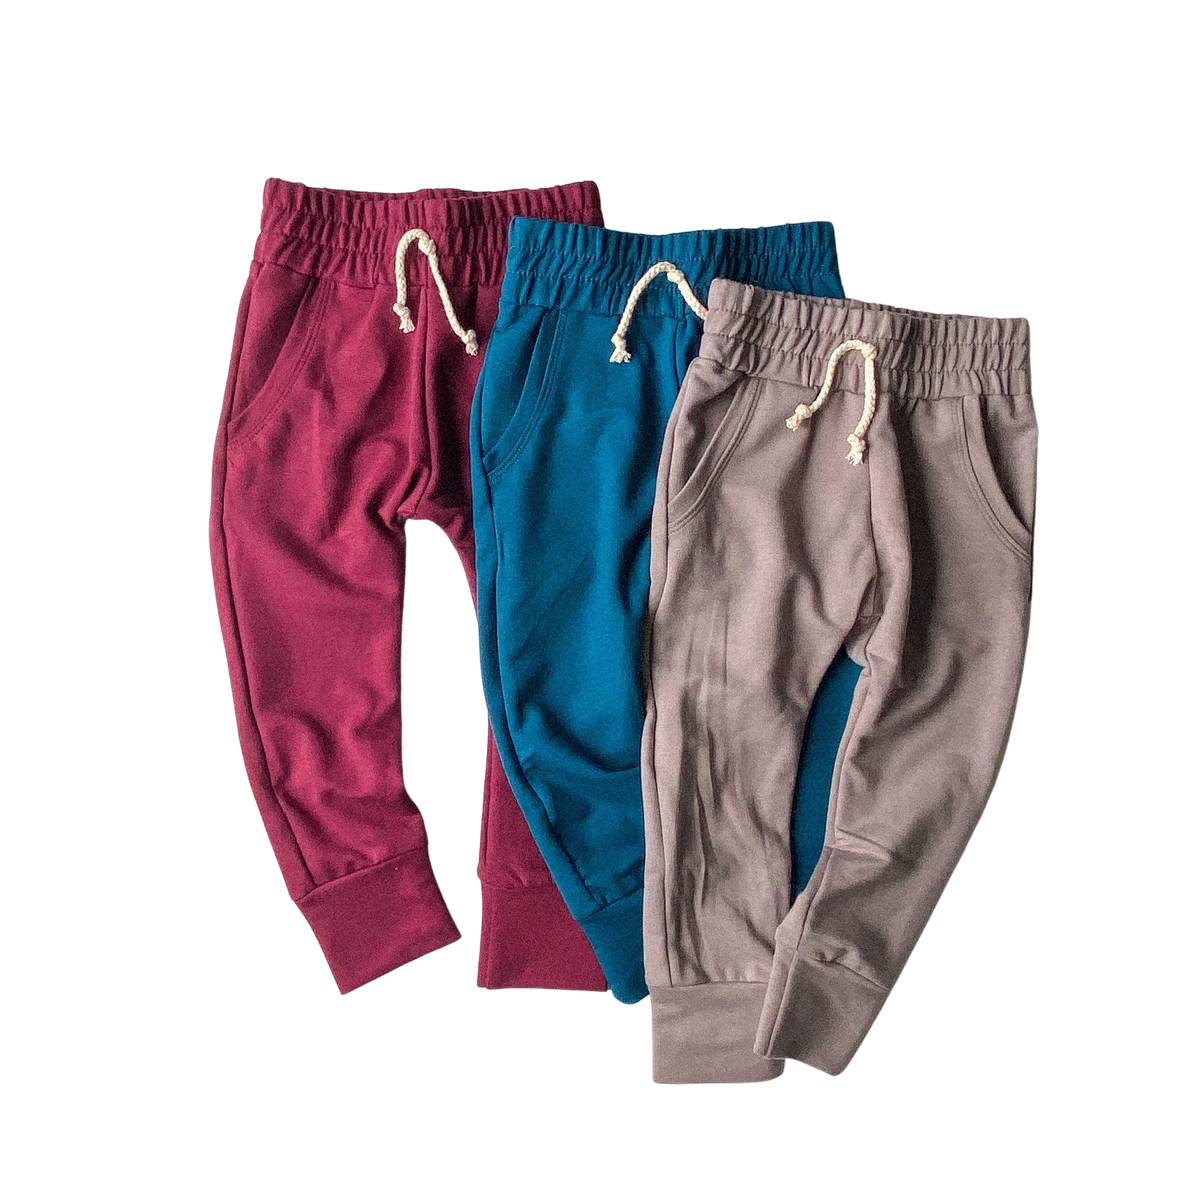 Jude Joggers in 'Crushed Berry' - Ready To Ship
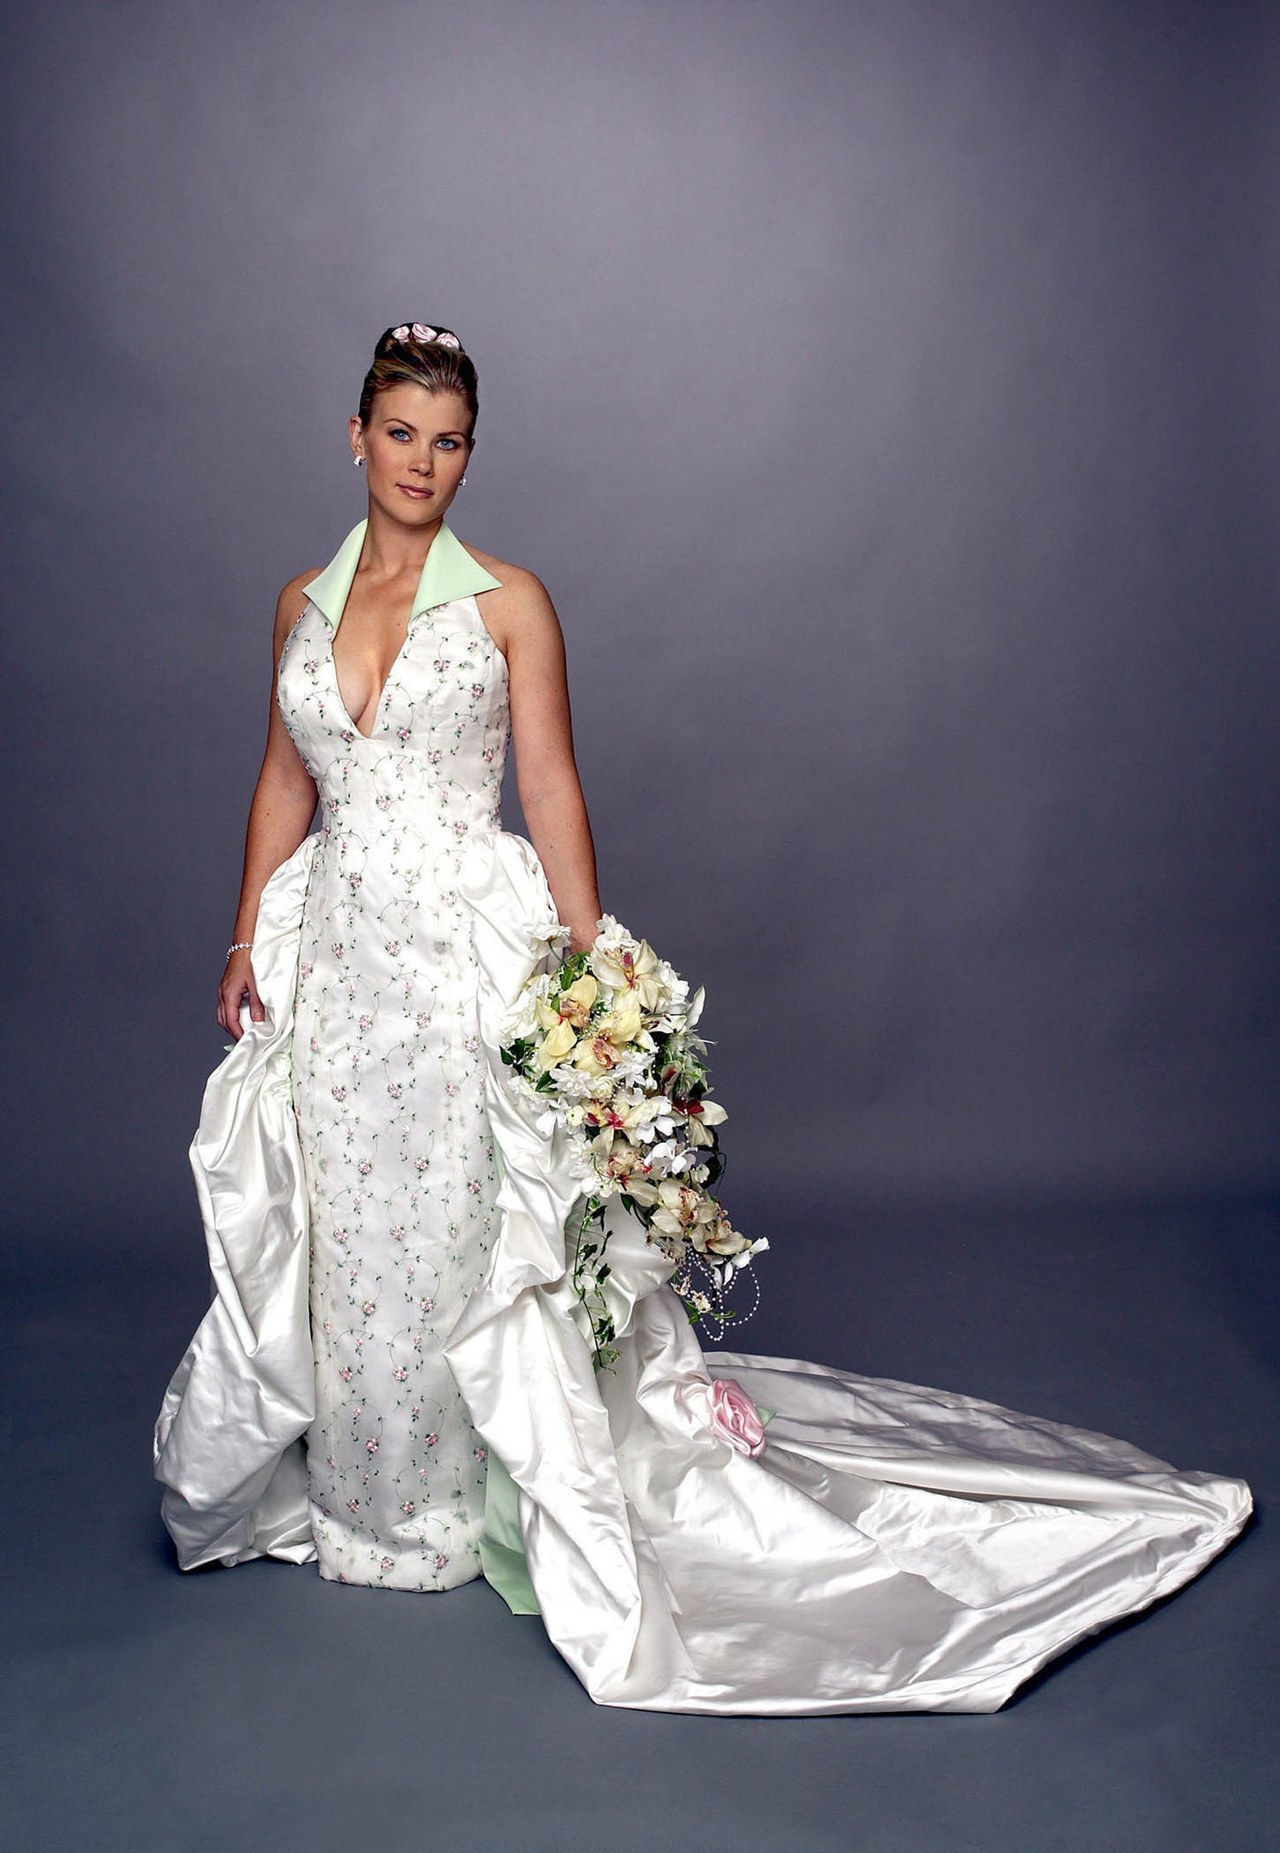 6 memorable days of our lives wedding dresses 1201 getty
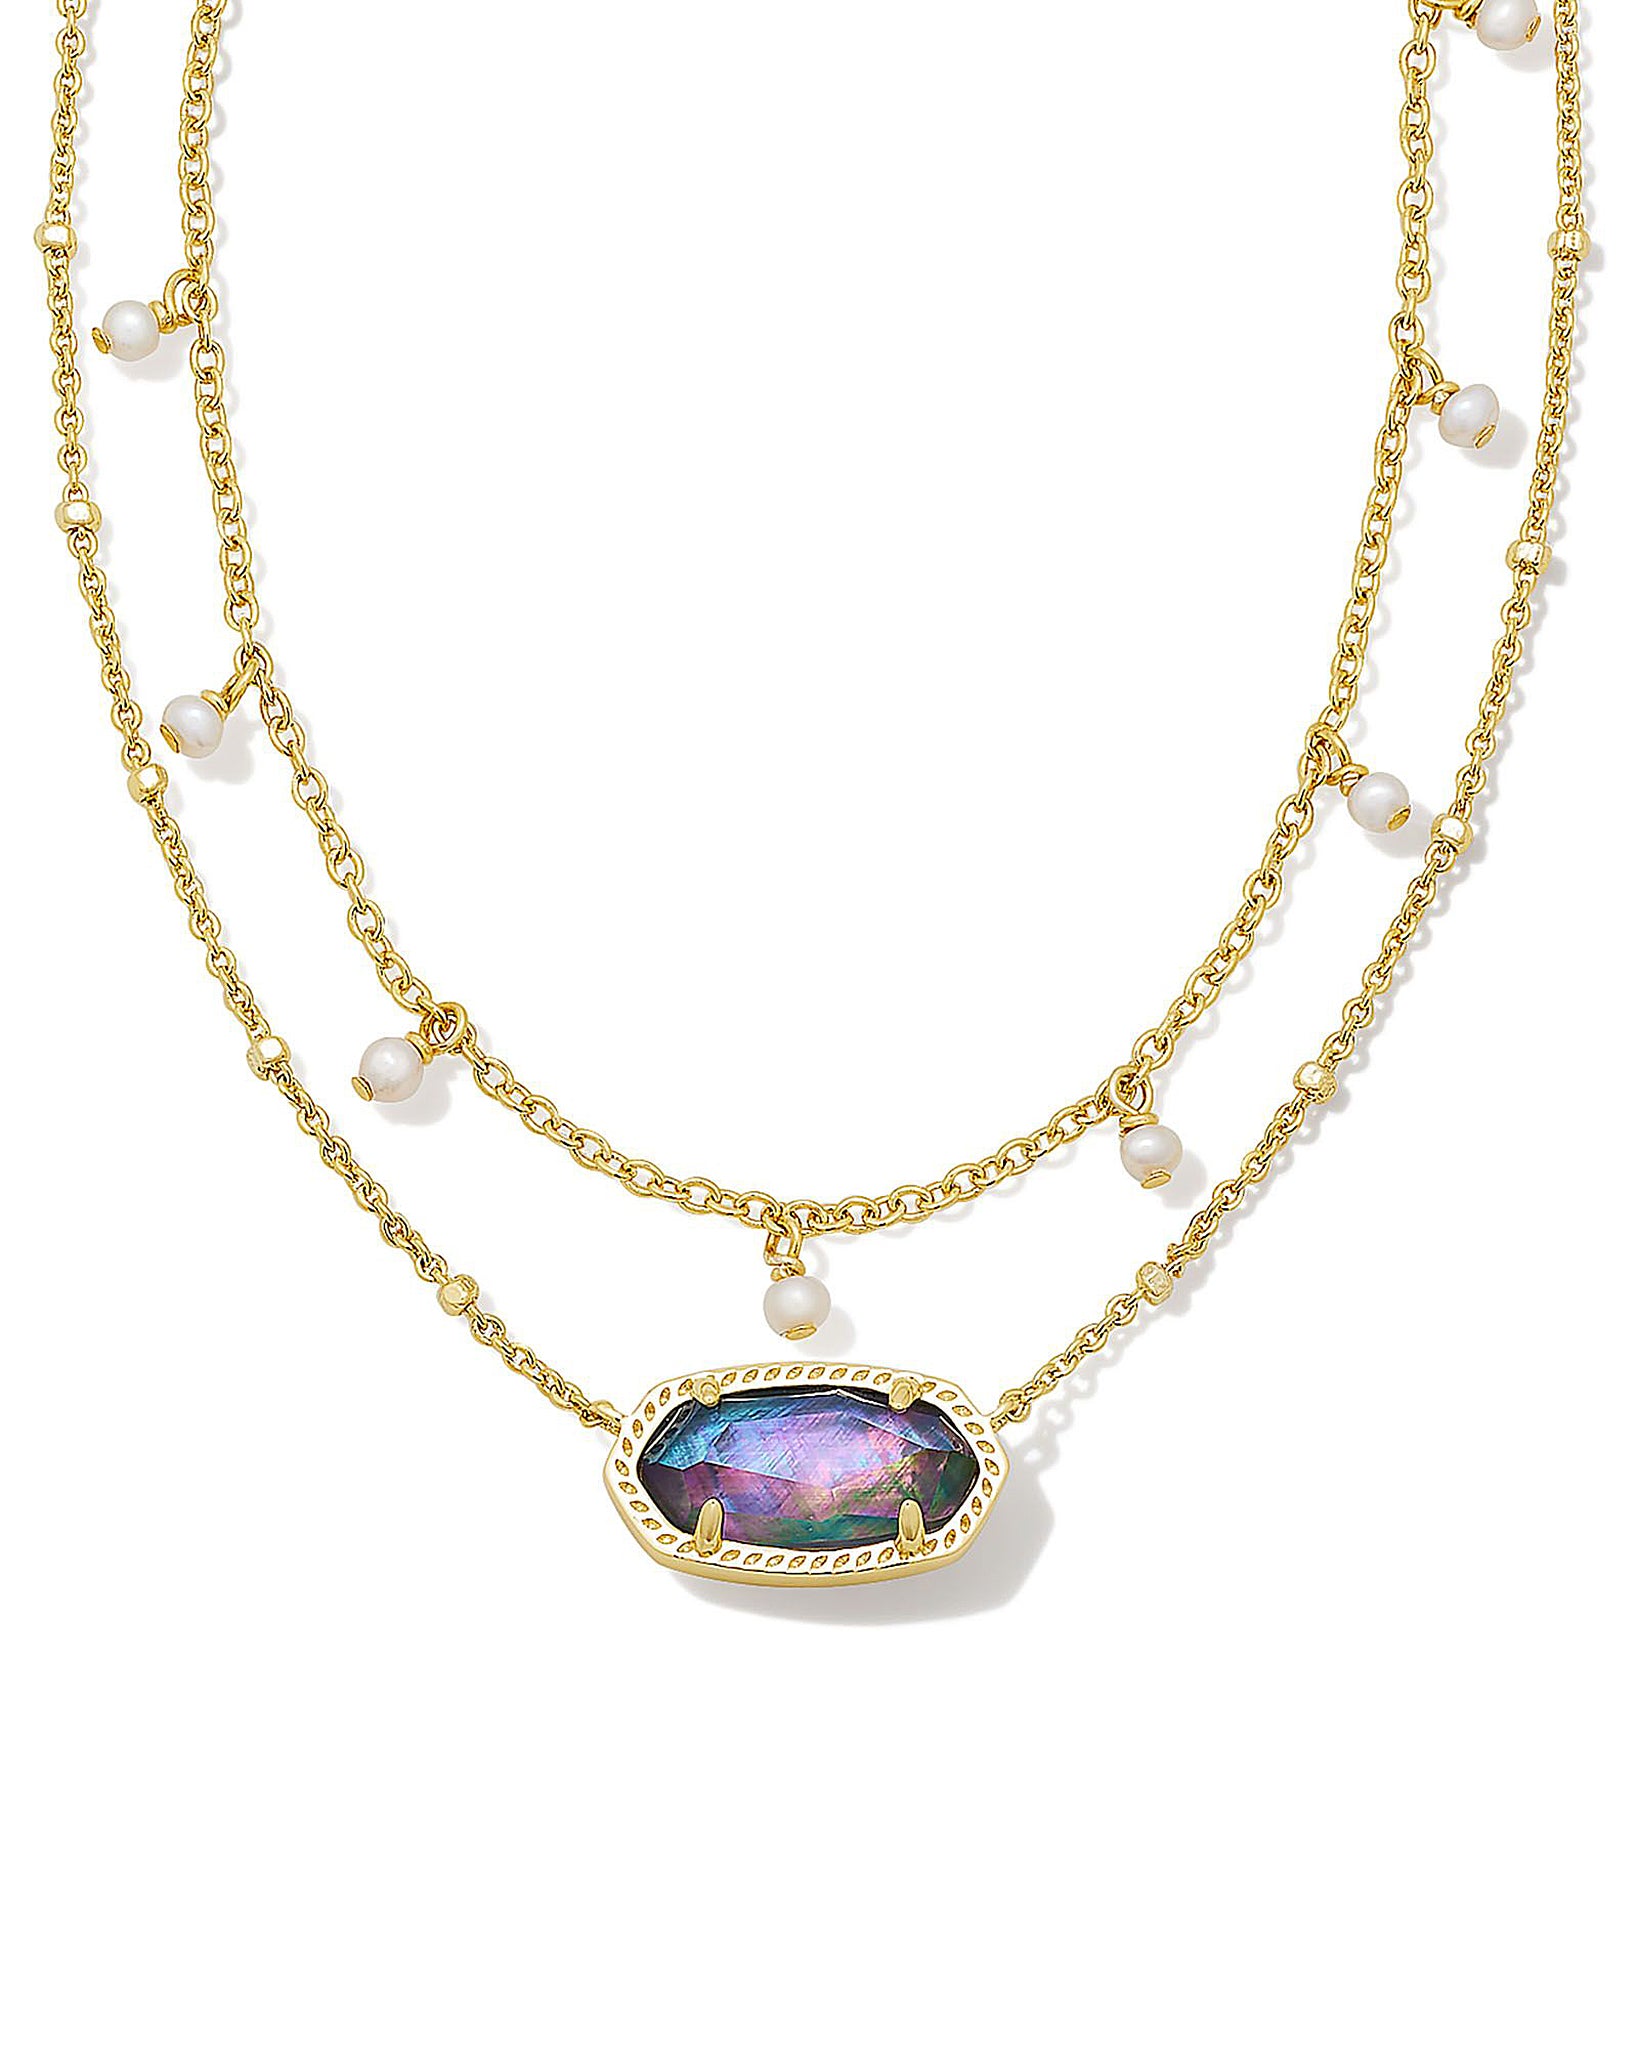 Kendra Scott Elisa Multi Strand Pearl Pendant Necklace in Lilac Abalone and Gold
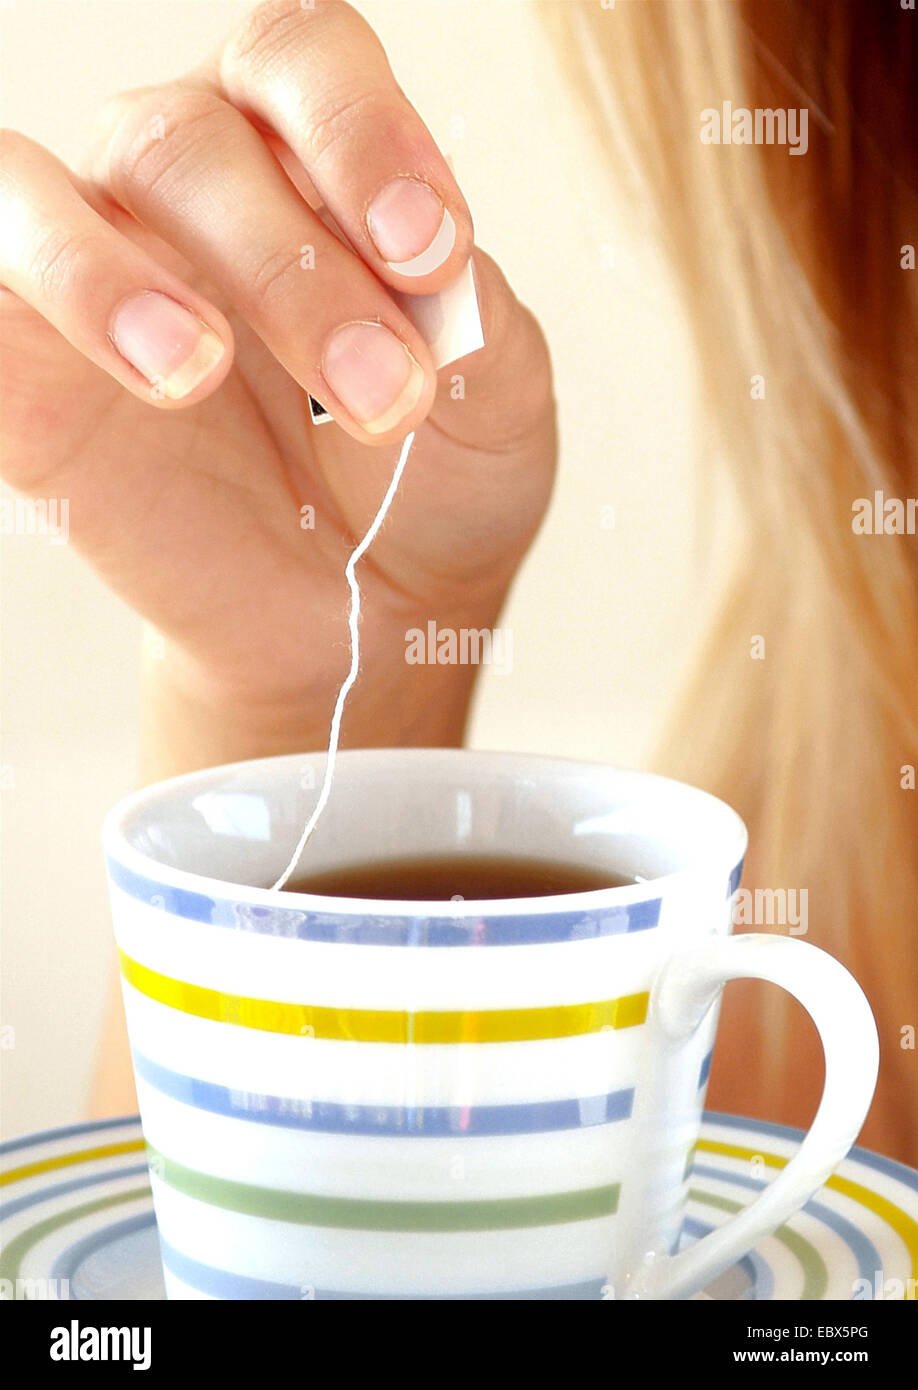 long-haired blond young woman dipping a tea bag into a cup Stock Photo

┄┄┄┄┄┄┄┄┄┄

## Exercise instructions
From the first line to the last, retype the data exactly, without images.

## Solved exercise
 Jude Joggers in 'Crushed Berry' - Ready To Ship
 6 memorable days of our lives wedding dresses 1201 getty
 Kendra Scott Elisa Multi Strand Pearl Pendant Necklace in Lilac Abalone and Gold
 long-haired blond young woman dipping a tea bag into a cup Stock Photo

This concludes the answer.